My own involvement in the project has been varied, but most recently focused on getting the detectors to CERN last year, and then working with engineers at Fermilab and UC Davis to design and build the fixtures and procedures to get the forward detector installed.
A postdoc in the Davis group, Ricardo Vasquez Sierra, and I hand-carried the assembled half-disks aboard commercial aircraft from Chicago to Zurich to Geneva in four separate trips last year. These incredibly delicate devices were housed in special acrylic cases so as to facilitate security inspection. (We had made special arrangements with the TSA in Chicago…Zurich was more dificult.) The acrylic cases were in turn carried inside foam-lined hard shell cases. Needless to say, we carried each one, valued at about $500k, very carefully. People thought we were crazy – there is a certain history in our field of detectors arriving damaged when shipped – but we made it there with no problems at all. My biggest fear, I think, was some idiot tearing through the terminal and hitting one of our detectors with a luggage cart.
Meanwhile we needed to design a system to perform a sort of ship-in-a-bottle feat with the forward detectors. The detectors are deep inside the CMS tracker, the central bore of which is about seven meters long. The detector half-disks are mounted on two-meter-long carbon fiber service cylinders which also support the cables and tubes feeding power and cooling to the detector, plus some of the electronics.
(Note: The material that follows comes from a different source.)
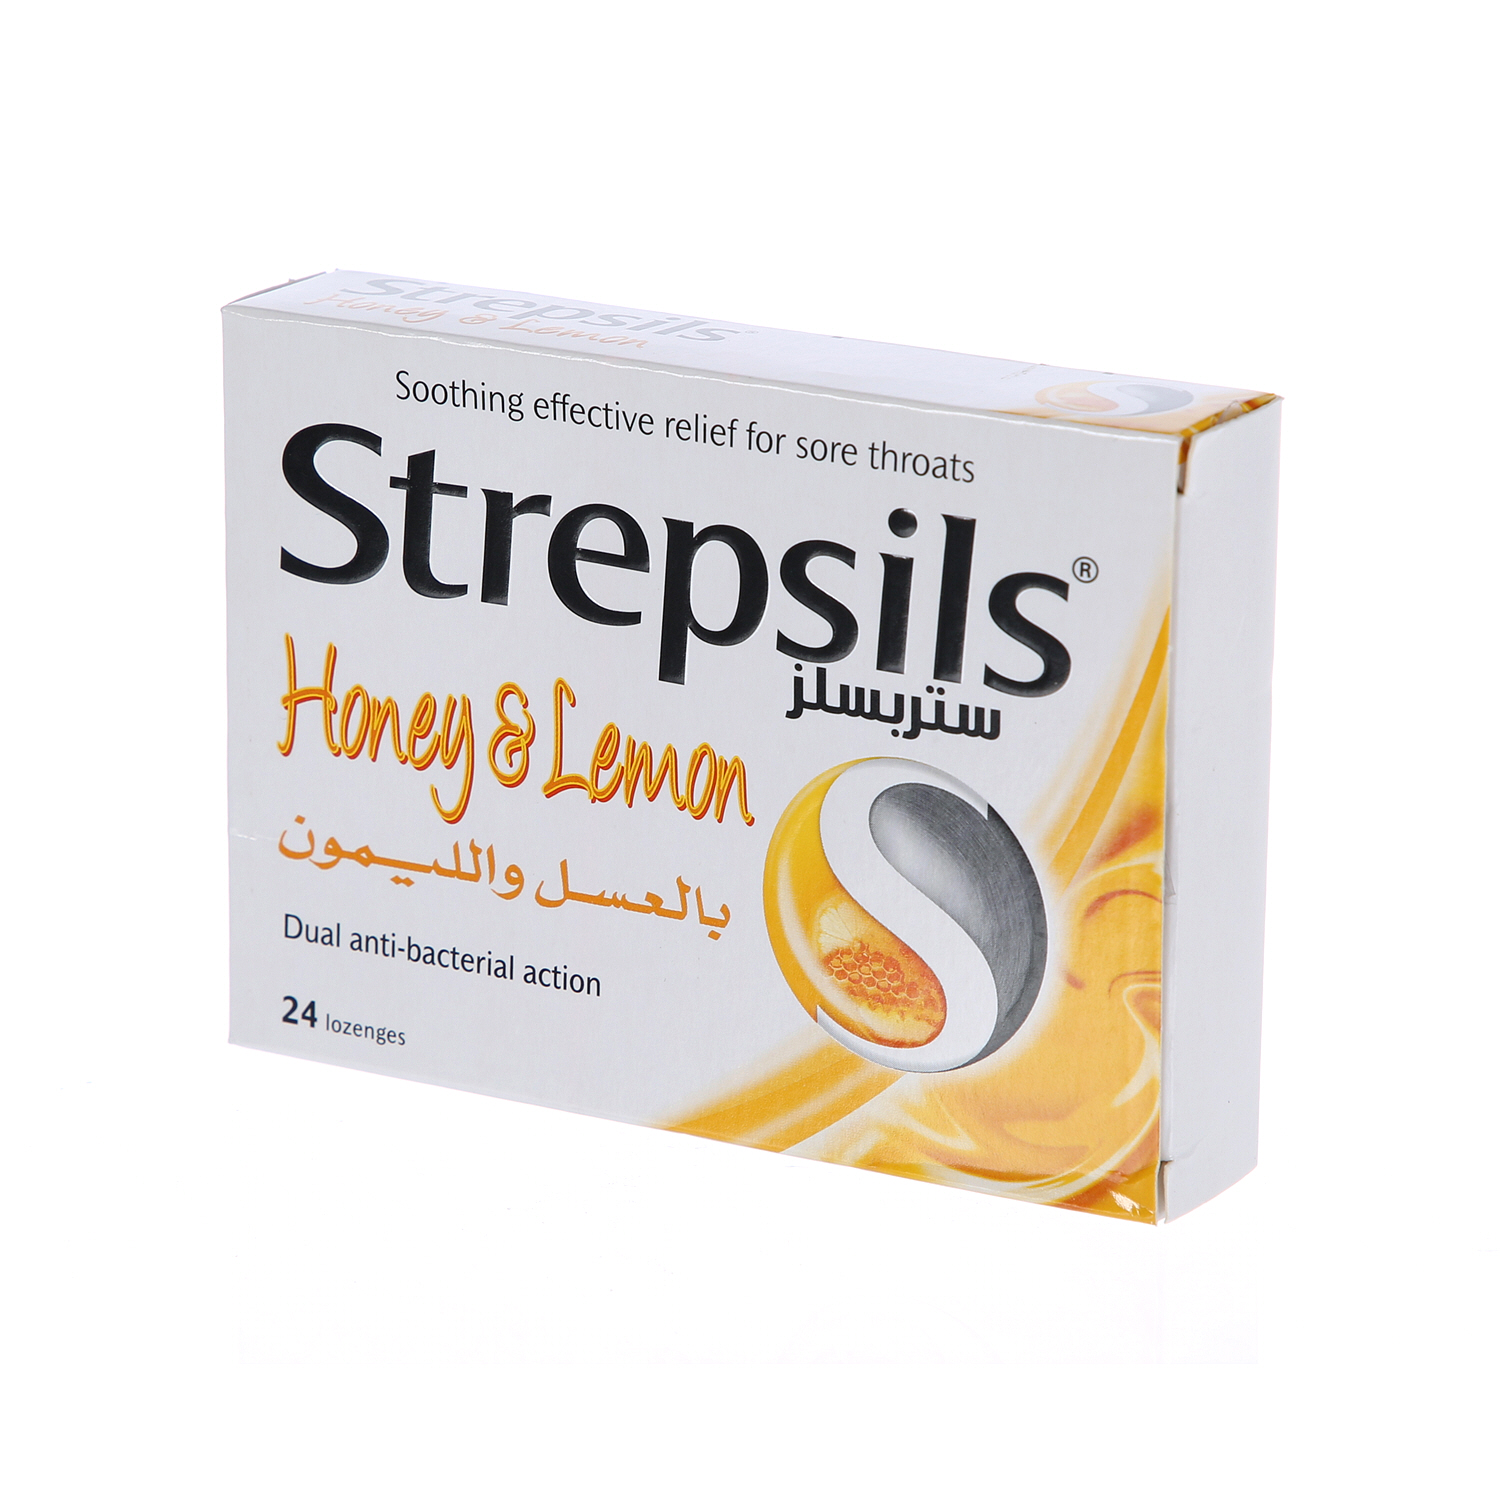 Strepsils Handy Pack Honey Lemon 10'S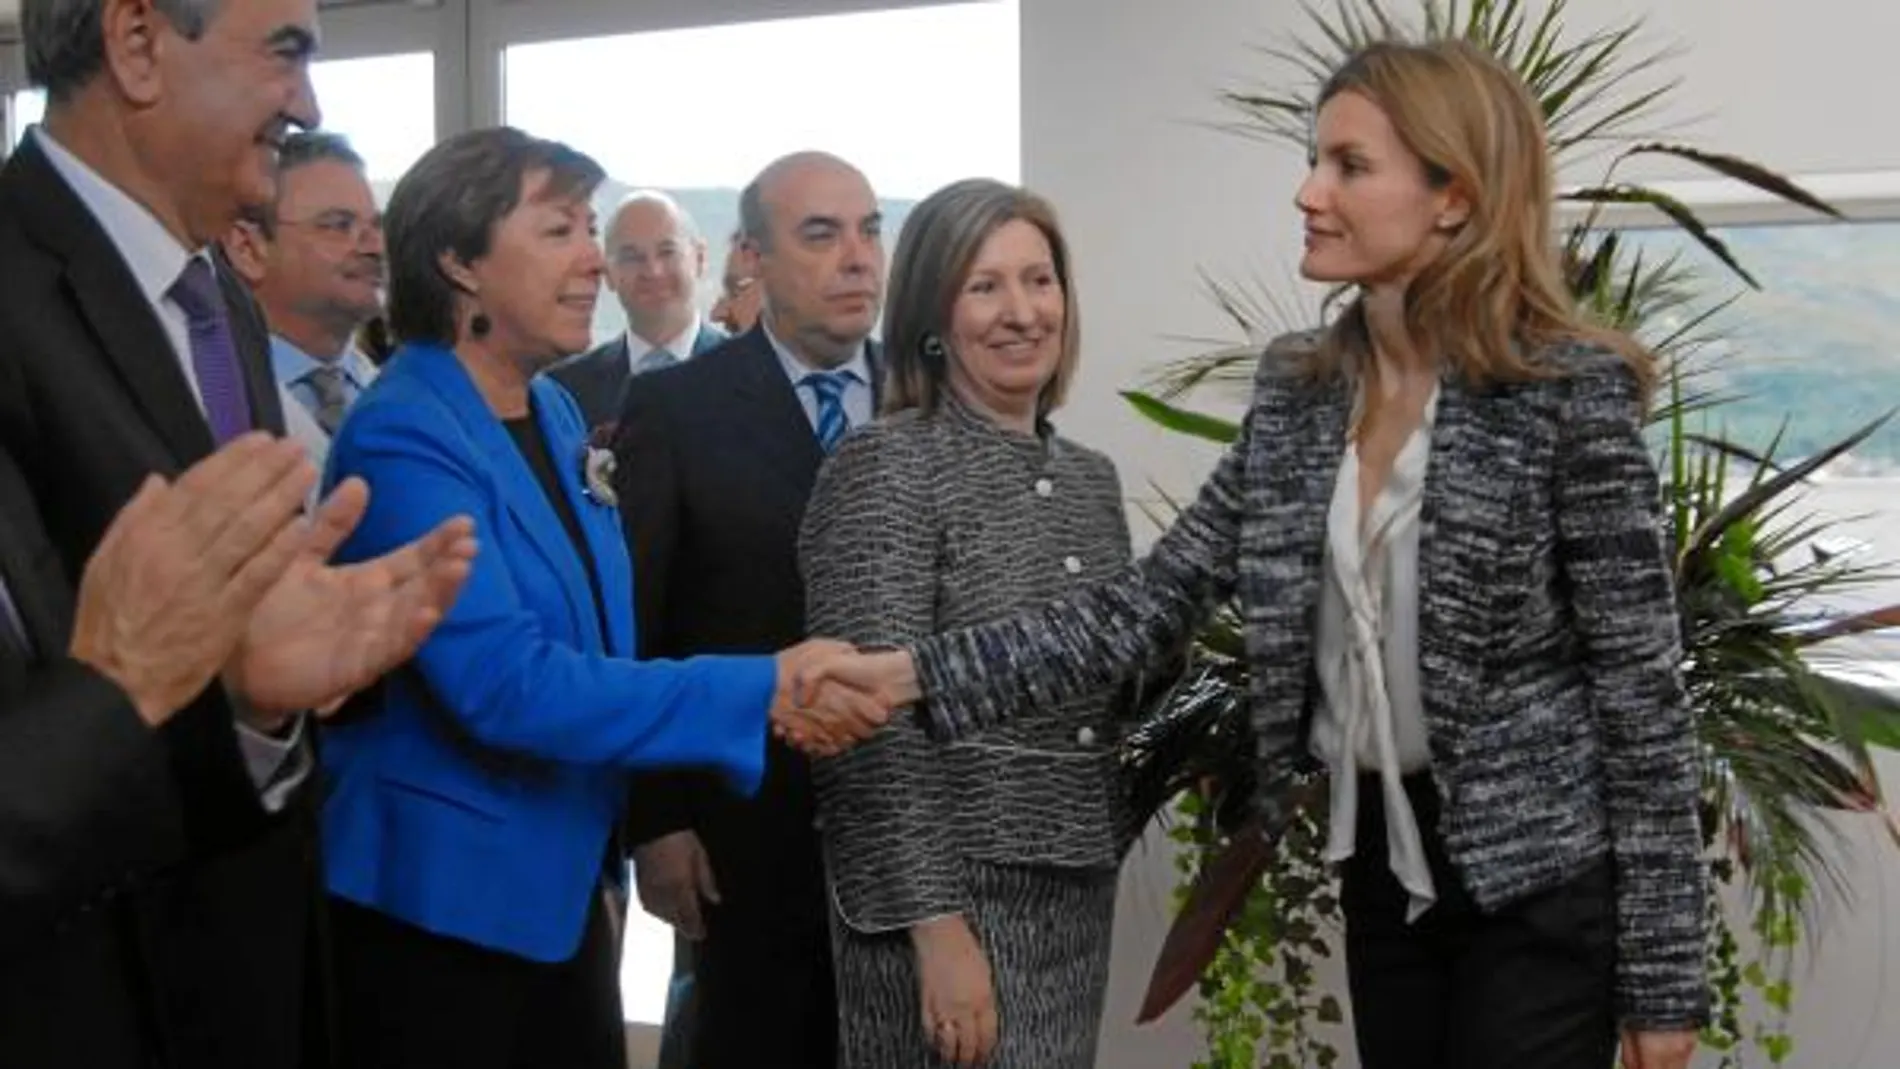 La Princesa de Asturias saludó a las autoridades asistentes

The two service cylinders sit vertically and slide into their final position along grooves in carbon fiber beds on the top and bottom of the bore. So as to have no uninstrumented regions in the vertical plane, at the end of travel the grooves are curved so as to make the half disks mesh. Thus, the two half cylinders need to be pushed in simultaneously with millimeter precision. Later the detectors need to be removed, at which point they will have become radioactive from exposure to the intense radiation environment in the center of the CMS detector. So the system had to be simple, easy and fast to use, so as to minimize radiation exposure to personnel.
Here is a remarkable photo of one of the forward pixel half cylinders half way into position. Note the converging tracks in which the half cylinder feet ride and the vertical beam pipe support that the detector has to clear on the way into position.
I have always been mechanically minded and enjoy problems like this. It was not the most sexy part of the pixel project, but an essential piece of making the whole thing work. We did a test of the inserttion a year ago when the tracker was still in a surface building at CERN. From the lessons we learned from a that test we built the final system for installation and tested it in May, before the beam pipe installation was completed.
So, just a few hours ago the CMS pixel detector was successfully installed. I was unable to be there, due to the recent birth of my son Ian. (Gotta have your priorities straight…) My able colleagues filled in seamlessly for me. Soon, though, the LHC and the ATLAS and CMS experiments will be up and running, and this great human adventure into inner space will commence.